> _Entries shown_:
Content starts
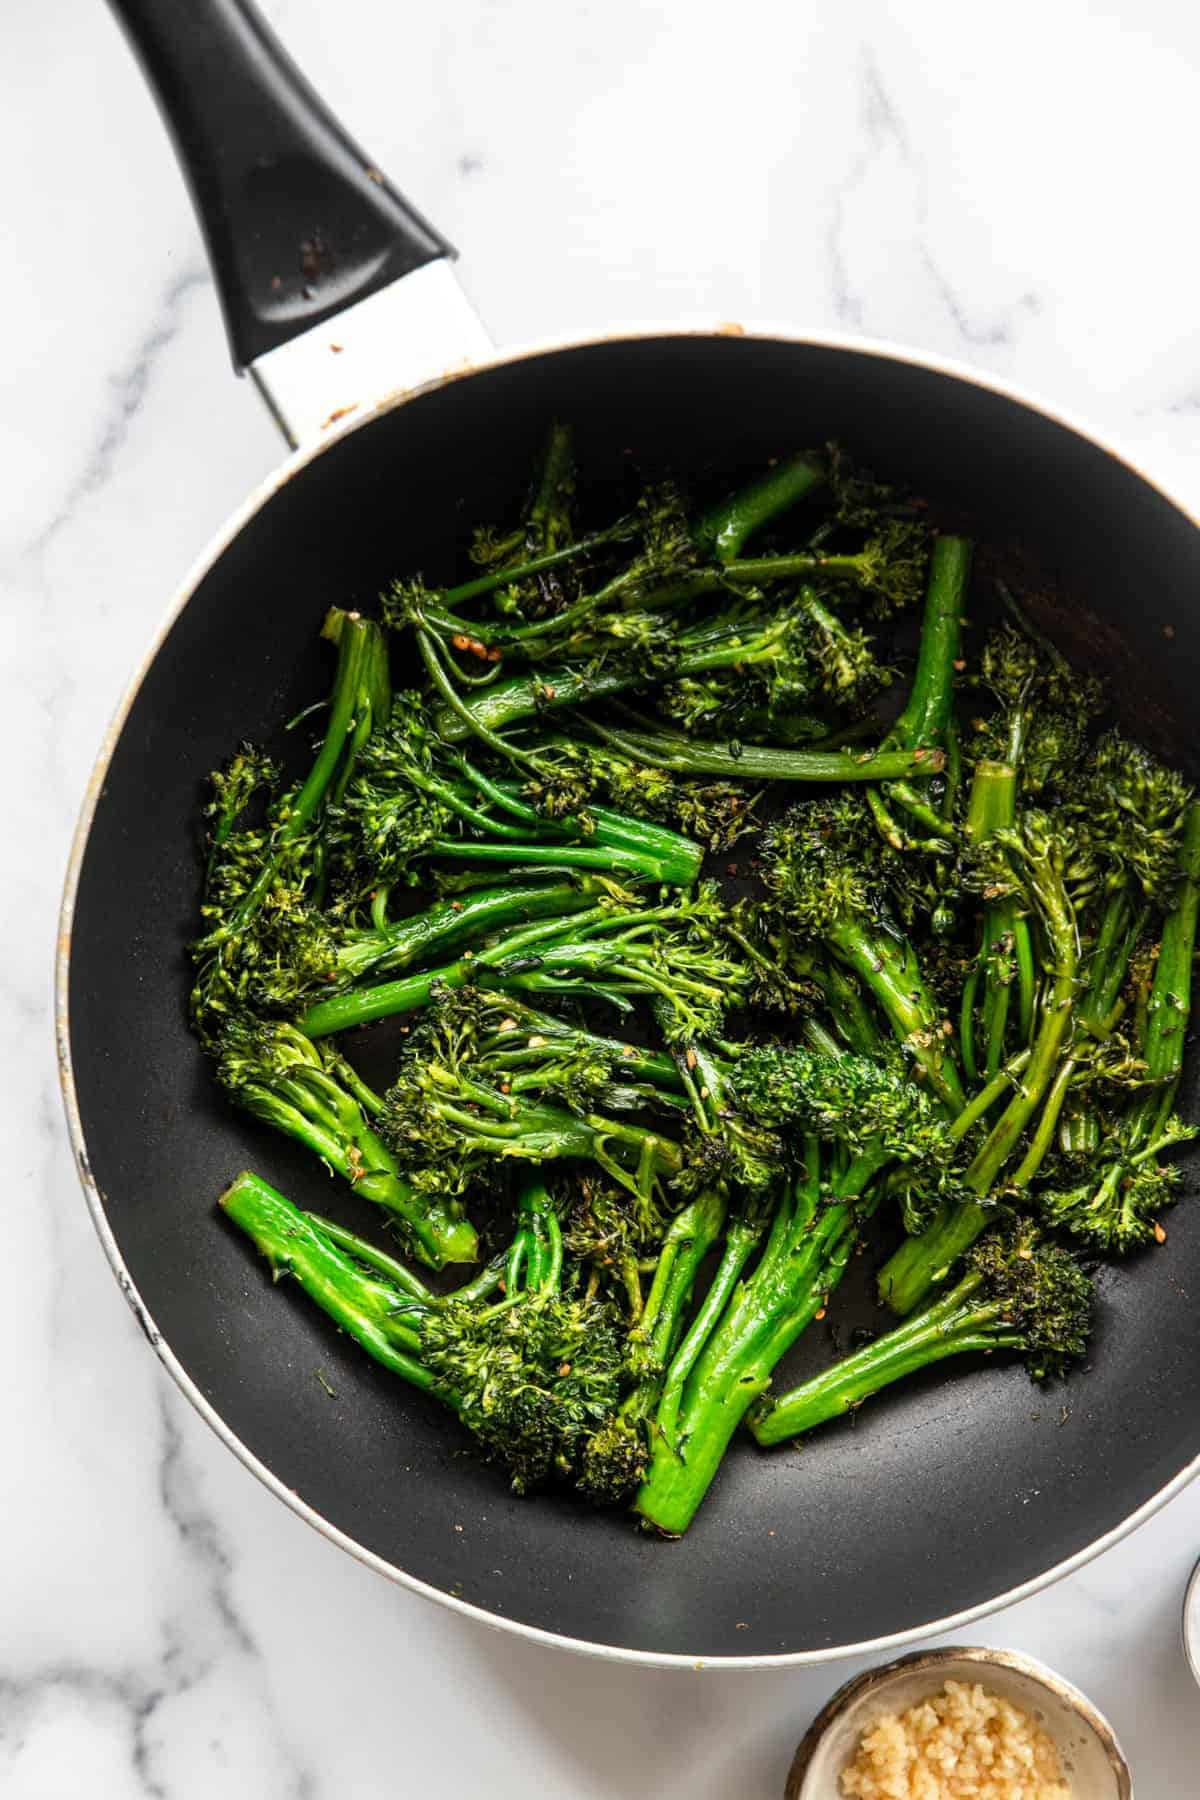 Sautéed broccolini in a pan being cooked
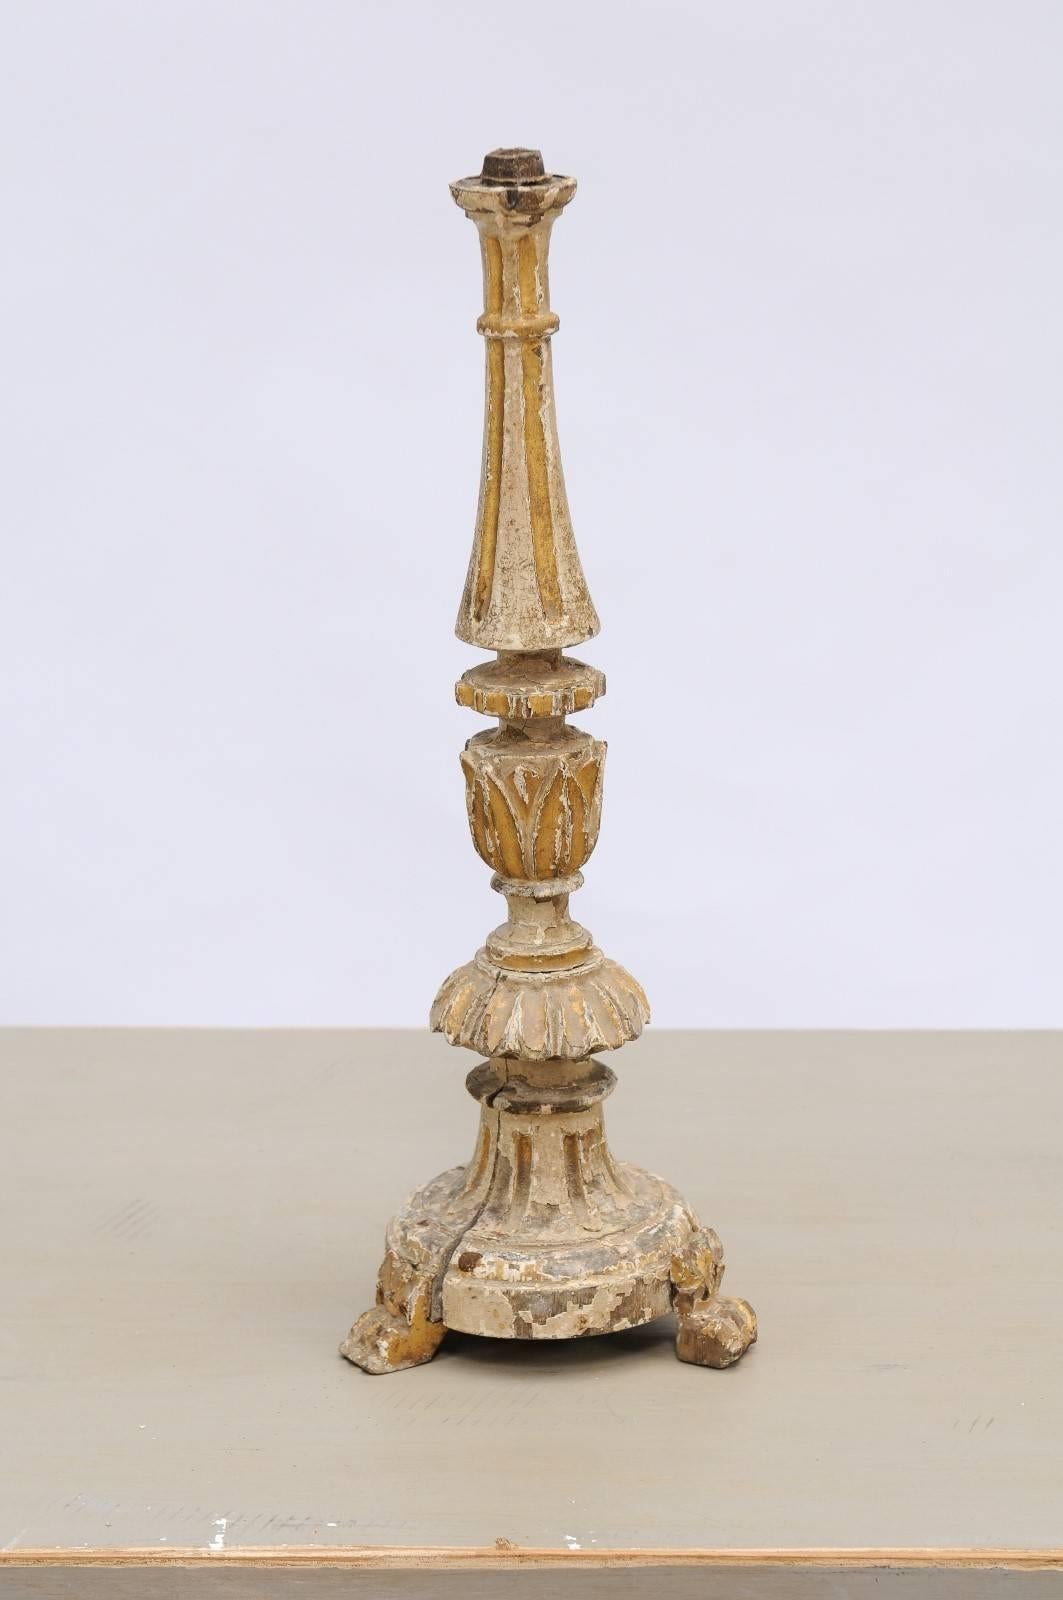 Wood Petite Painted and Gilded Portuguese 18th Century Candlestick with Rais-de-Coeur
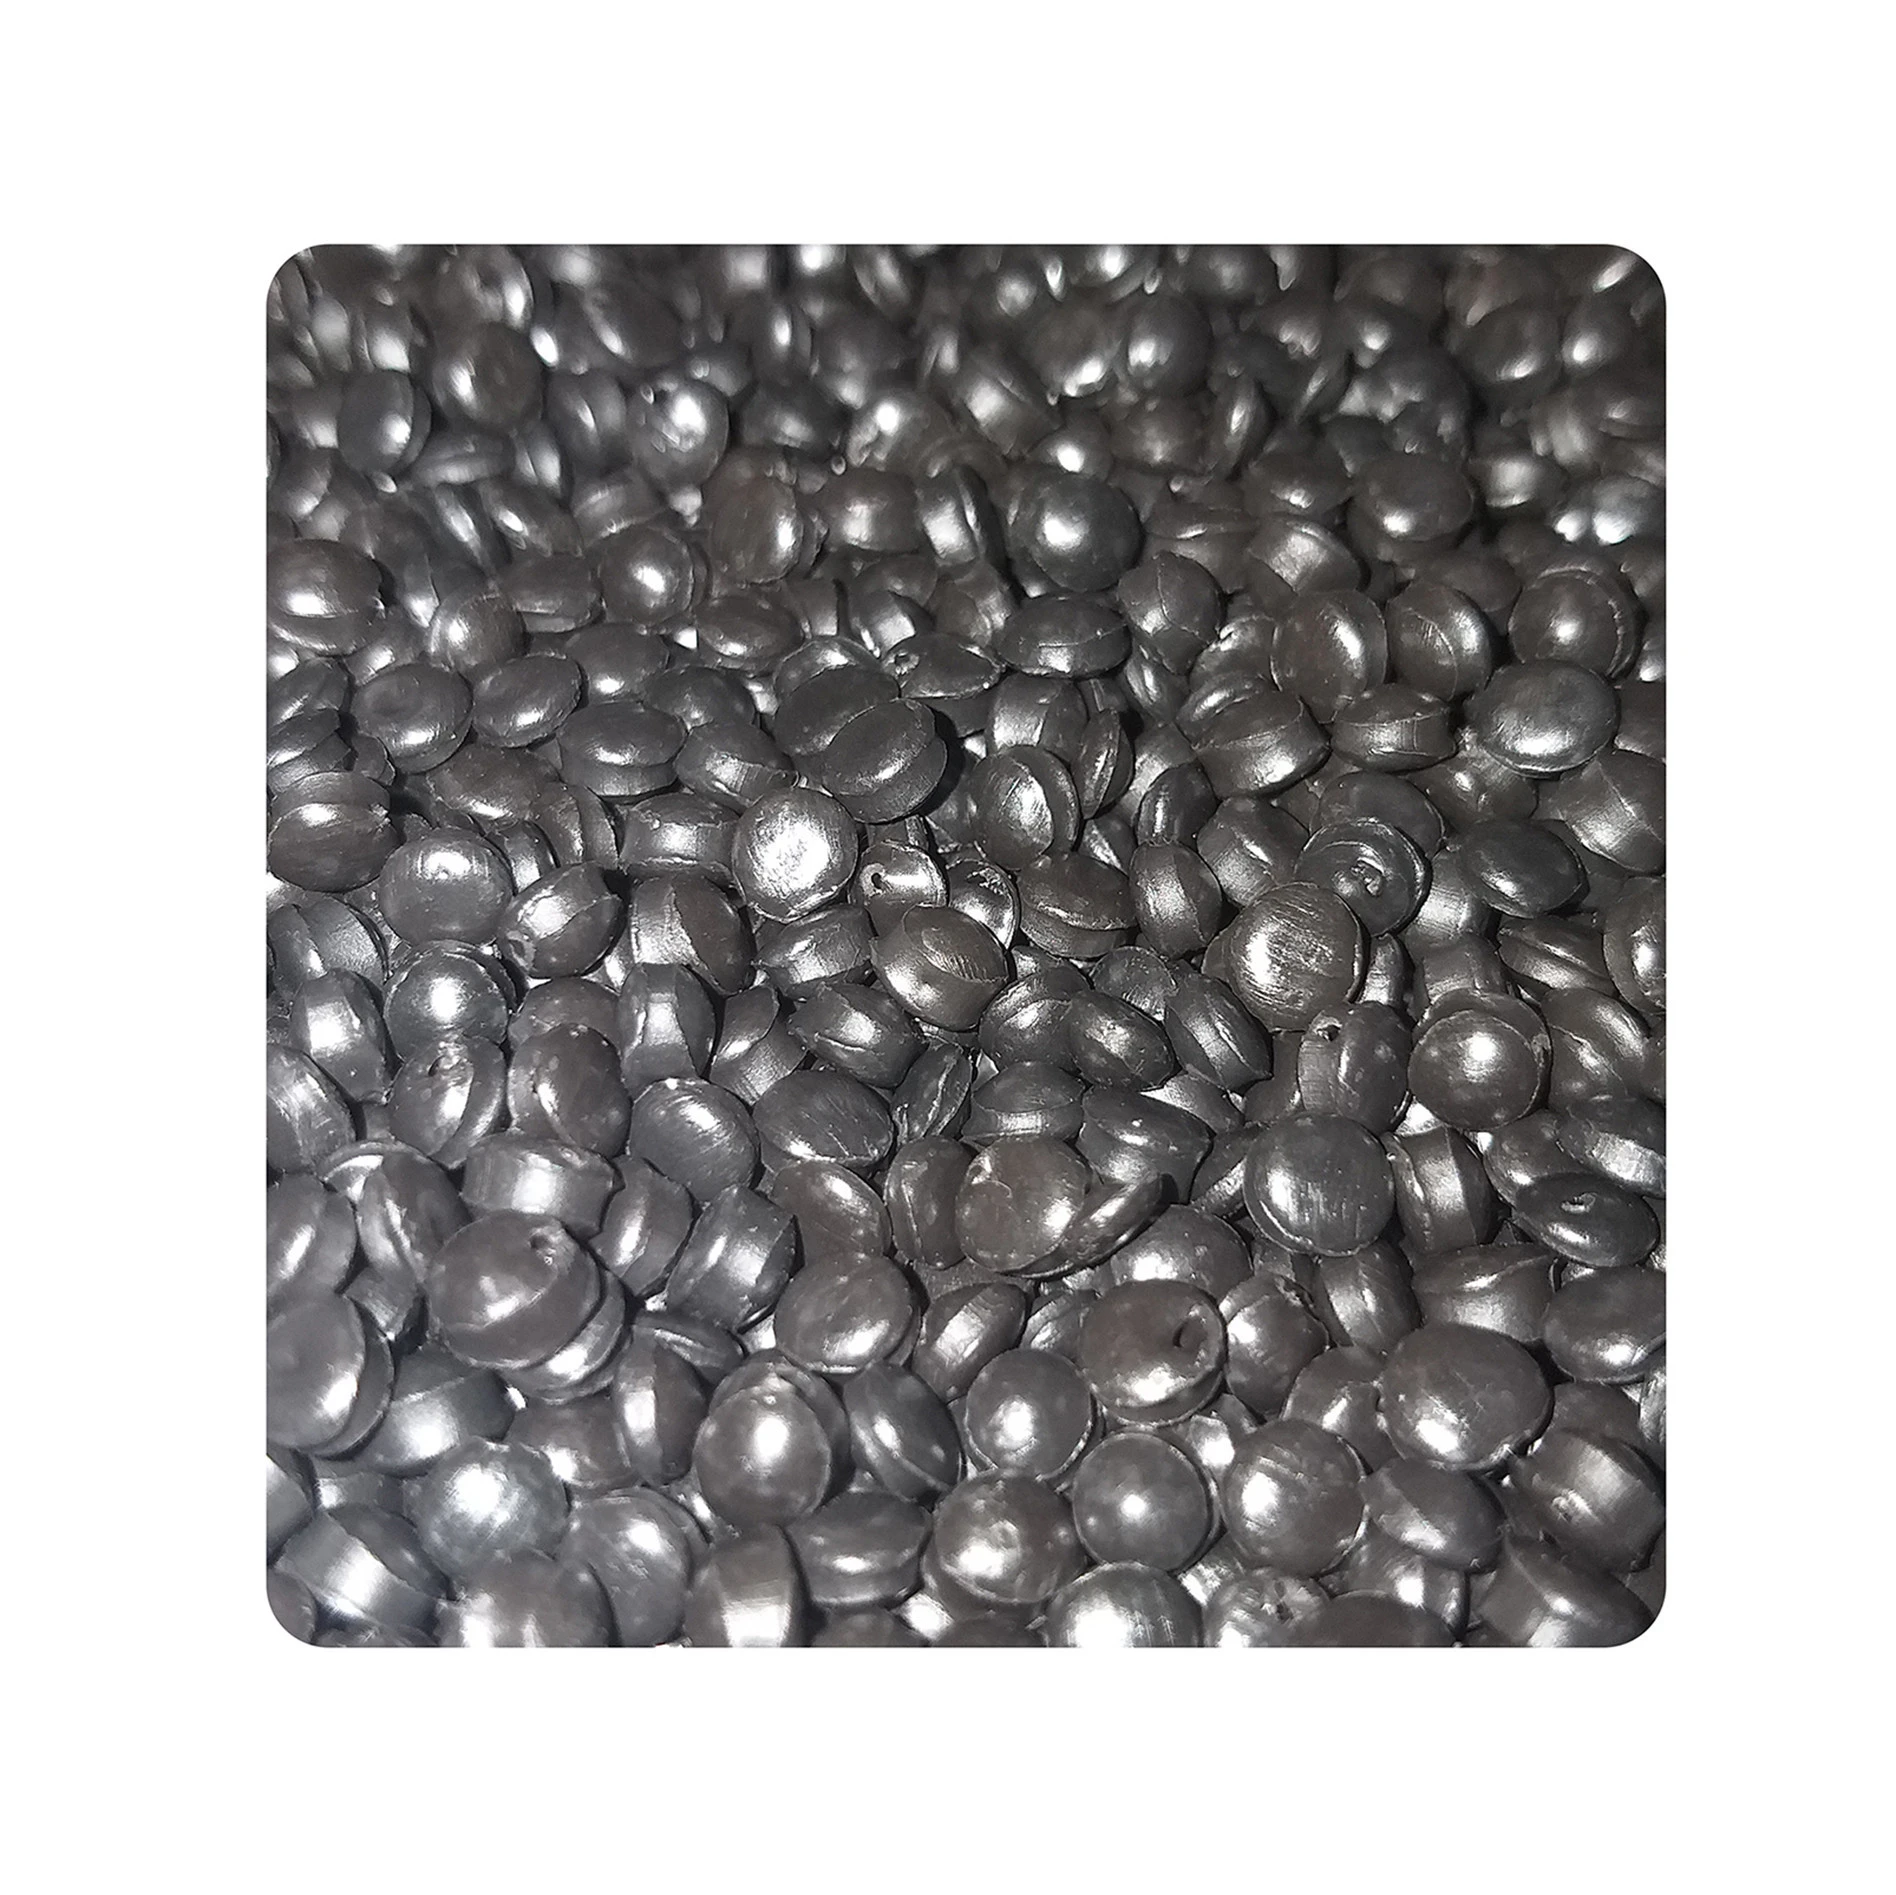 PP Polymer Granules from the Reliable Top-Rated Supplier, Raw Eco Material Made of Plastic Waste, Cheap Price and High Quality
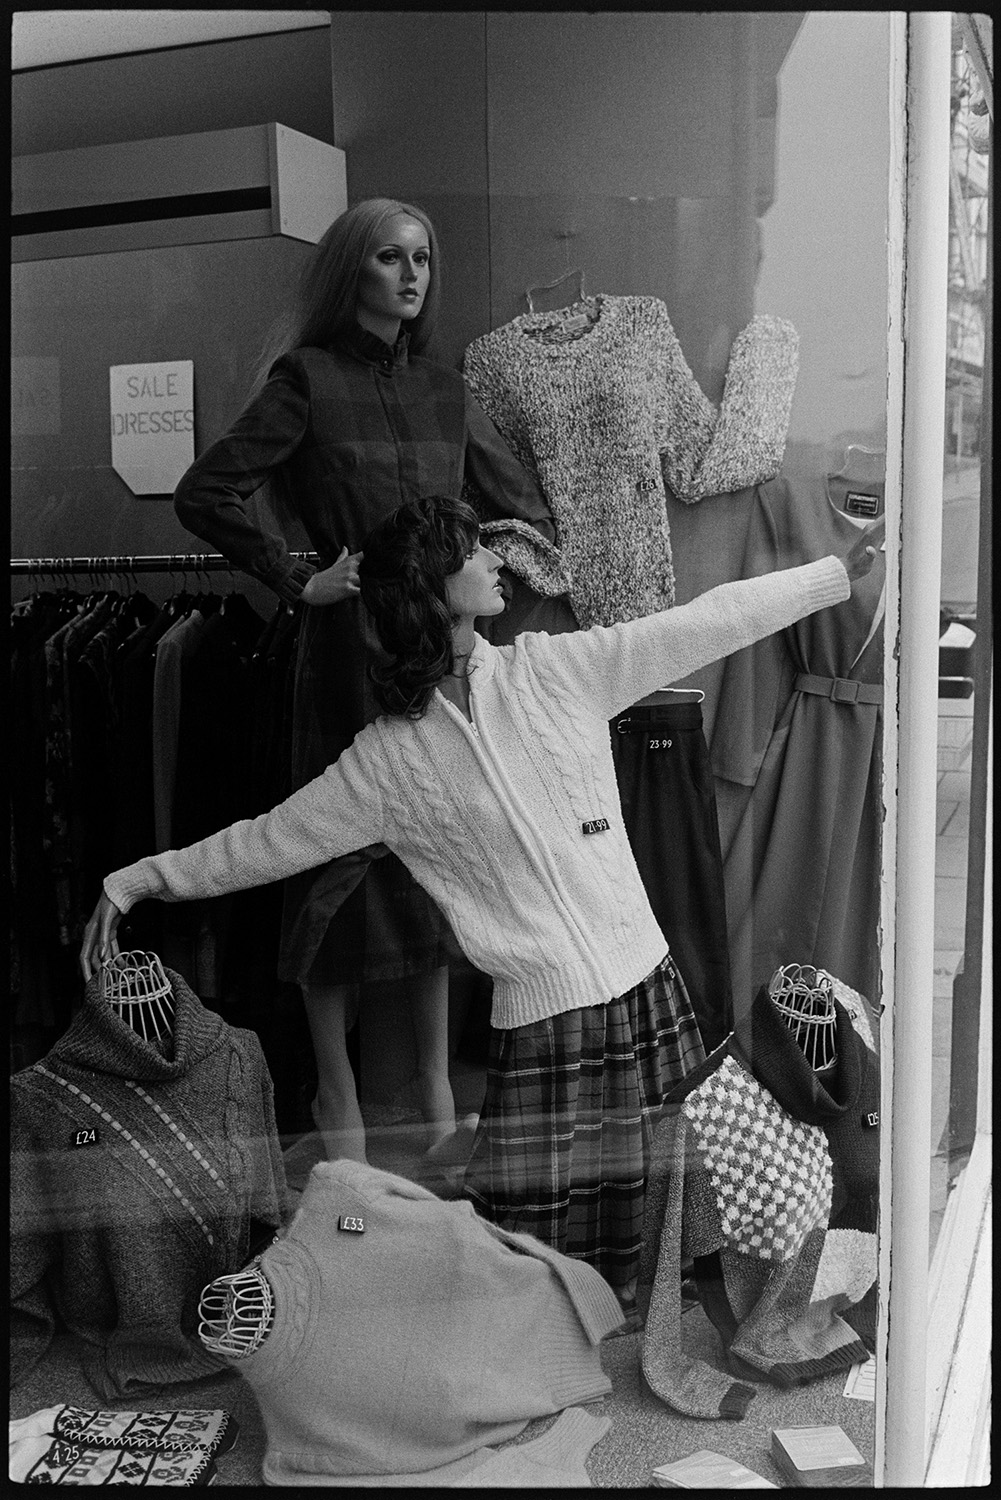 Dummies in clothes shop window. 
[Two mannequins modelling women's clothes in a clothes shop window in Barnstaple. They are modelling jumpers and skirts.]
Content ends
The output is the lines from the start of the data above through the line containing "Dummies in clothes shop window.", unchanged, with any picture left out.

> _The completed task_:
 Sautéed broccolini in a pan being cooked
 Wood Petite Painted and Gilded Portuguese 18th Century Candlestick with Rais-de-Coeur
 PP Polymer Granules from the Reliable Top-Rated Supplier, Raw Eco Material Made of Plastic Waste, Cheap Price and High Quality
 Dummies in clothes shop window. 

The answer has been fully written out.